24 Oct 2024

Crash fix part 5: crash report tool

In previous blog posts about crashes in LibreOffice, I have discussed how to debug and fix some of crashes. Now I discuss a nice tool to keep track of the crash reports from volunteers: Crash report tool.

Crash Report Statistics

Crash report is available via this LibreOffice website:

You can see that different versions of LibreOffice listed there, and for each and every tracked version, number of crashes during the previous 1, 3, 7, 14 and 28 days can be seen. This is possible using the appropriate buttons on the top.

This data is gathered from those to volunteer to submit reports to make LibreOffice better.

This statistic is very helpful to understand the robustness of the builds in different versions.

Crash Signatures

If you choose a specific version, you may see signatures of the crashes. This is helpful when trying to fix crashes. For example, this is one of the crash signatures found in LibreOffice 24.8.0.3:

This shows that the crash happens in GetCharFormat() function. One may use this information to track and fix the problem.

Looking into one of the crashes, one may see the details of the crash, including the stack trace in the crashing thread, and link to the exact place of the source code that leads to the crash.

As an example, you can see this crash report.

Sometimes, experienced developers may be able to reproduce the bug using crash signatures while knowing some background. Otherwise, in most cases, filing a bug with documents and instructions to reproduce the bug is essential. Adding a link to the crash report can be helpful.

14 May 2024

Crash fixes, part 4: assertion failure

In the previous parts of the blog posts series on fixing software crashes, I have written about some crash fixes in LibreOffice around segfaults, aborts, and I discussed how test them. Here I write about fixing assertion failure.
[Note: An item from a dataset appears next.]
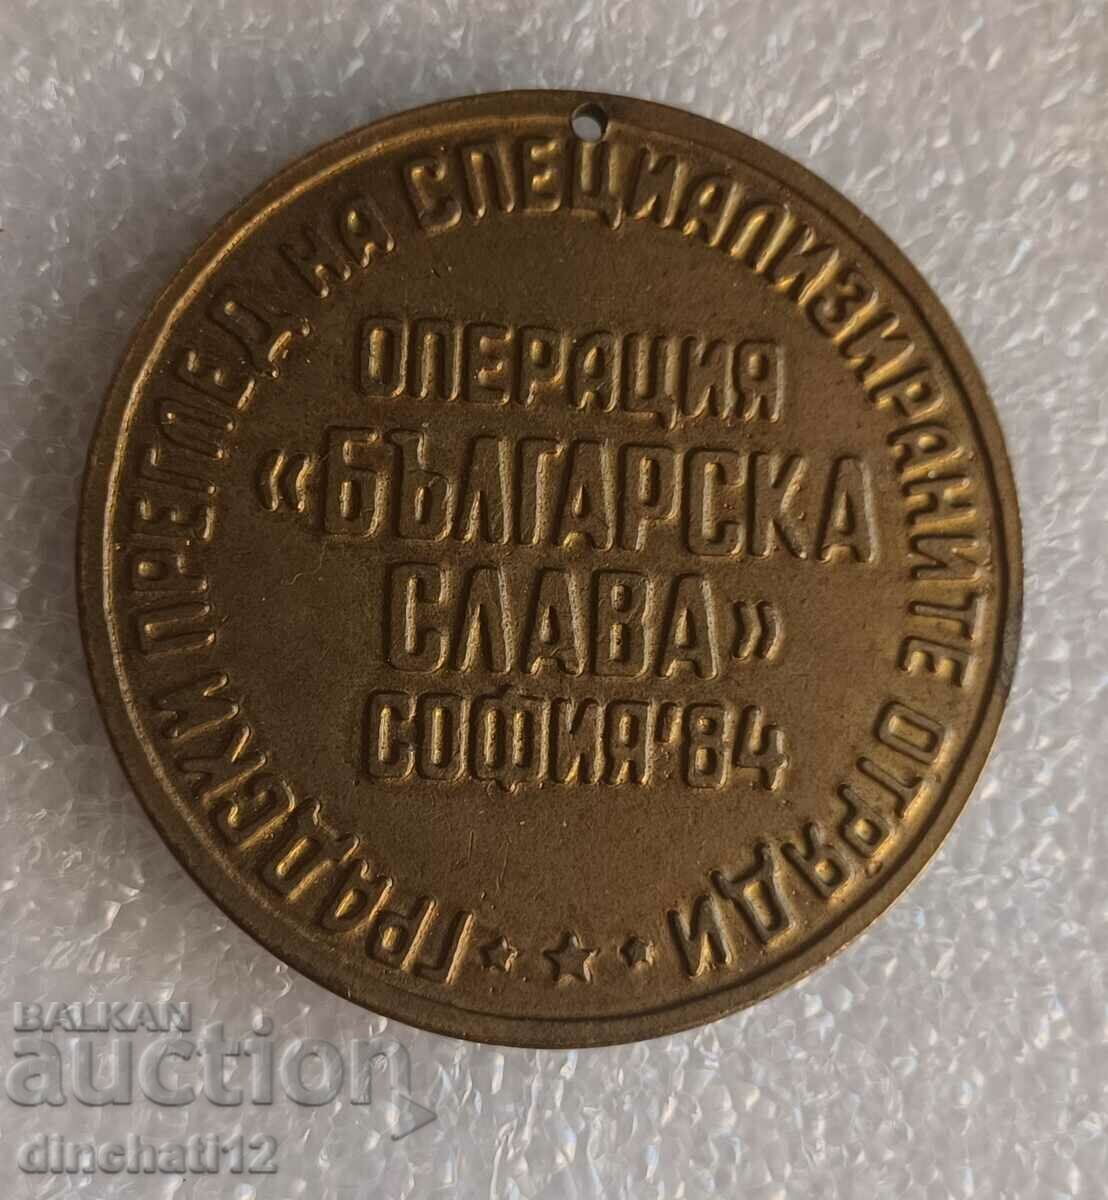 Medalia „Operațiunea Gloria Bulgariei” DKMS. DPO SEPTEMVRICHE

What is Assertion Failure?

Assertion is a mechanism provided to the developers to make sure that things are good in runtime, conforming to what they were assuming. For example, making sure that some pointer is valid, some data elements match expectation, or some similar assumptions that need to be valid in order to get the correct results.

As an example, consider the C++ function basegfx::utils::createAreaGeometryForLineStartEnd(), which creates a geometric representation of an arrow. The code resides here:

basegfx/source/polygon/b2dlinegeometry.cxx:84

This is the line of code which contains assertion:

assert((rCandidate.count() > 1) && "createAreaGeometryForLineStartEnd: Line polygon has too few points");

On top of the actual function implementation, the C++ code asserts many conditions to make sure that they are met. In the above assertion, it checks to make sure that the number of points in the given data structure is more than 1. Otherwise, it leads to an assertion failure.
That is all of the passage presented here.